Parkinsonism is of course an excellent case to demonstrate your knowledge of a common (and often misdiagnosed)

neurological disease. No doubt the top candidates will enjoy identifying the drug induced or vascular cases!

Station 5

Station 5 consists of two patients, and so we have included the top ten:

1. Rheumatoid arthritis

2. Systemic sclerosis

3. Hemianopia

4. Acromegaly

5. Ankylosing spondylitis

6. HIV related problems


7. Diabetic retinopathy

8. Neck lump
9. Retinitis pigmentosa

10. Thyroid eye disease

Notes: Candidates and examiners alike have met the introduction of the new station 5 with some apprehension.

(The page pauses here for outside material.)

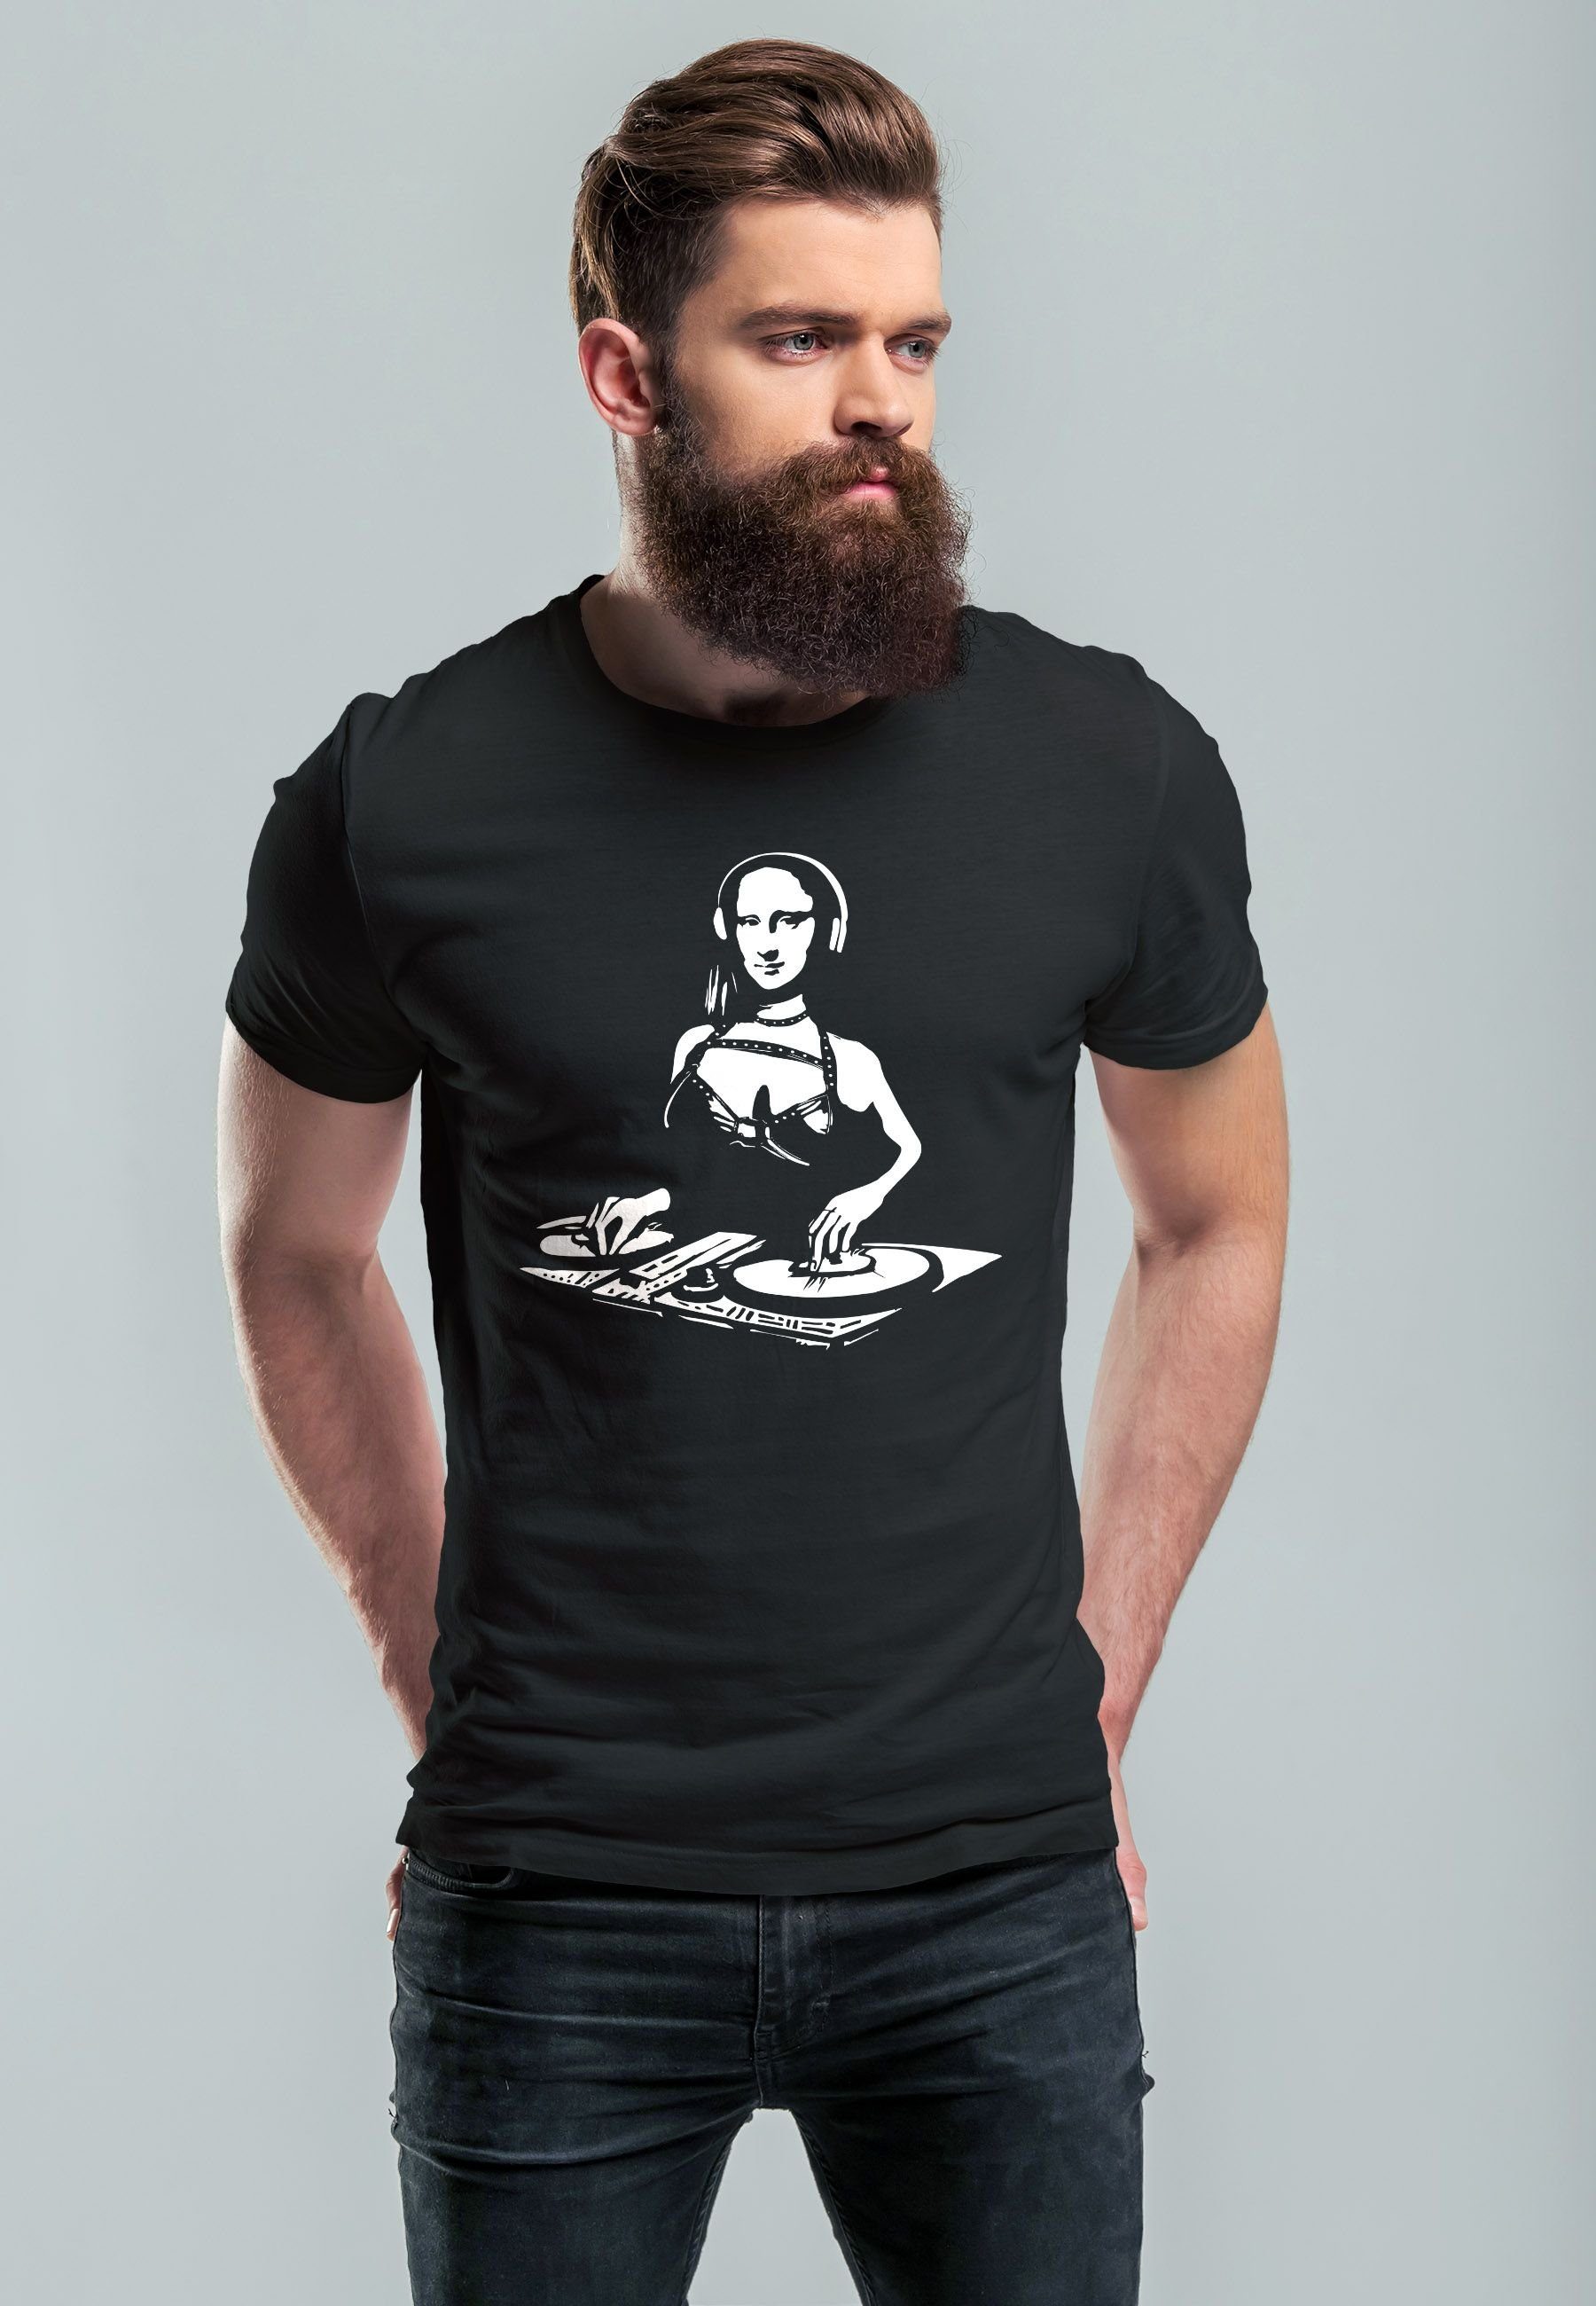 Print Electronic Festival Techno Herren Neverless Lisa schwarz Music mit Rave DJ T-Shirt Mona Fash Print-Shirt

However, as the dust is settling, it is clear that the new format is a success. The cases are reflecting our clinical

practice better and although some rarities are still coming up, these are much less frequent. The range of cases

reported was wide and presenting the top ten only barely does the station justice. However, if we had presented the

next ten as well, there would not have been many surprises. HIV is a newcomer to the exam and definitely a

condition to be familiar with (it was also a frequent contender in the history and communications stations). Obstructive

sleep apneoa was the main surprise in the next ten.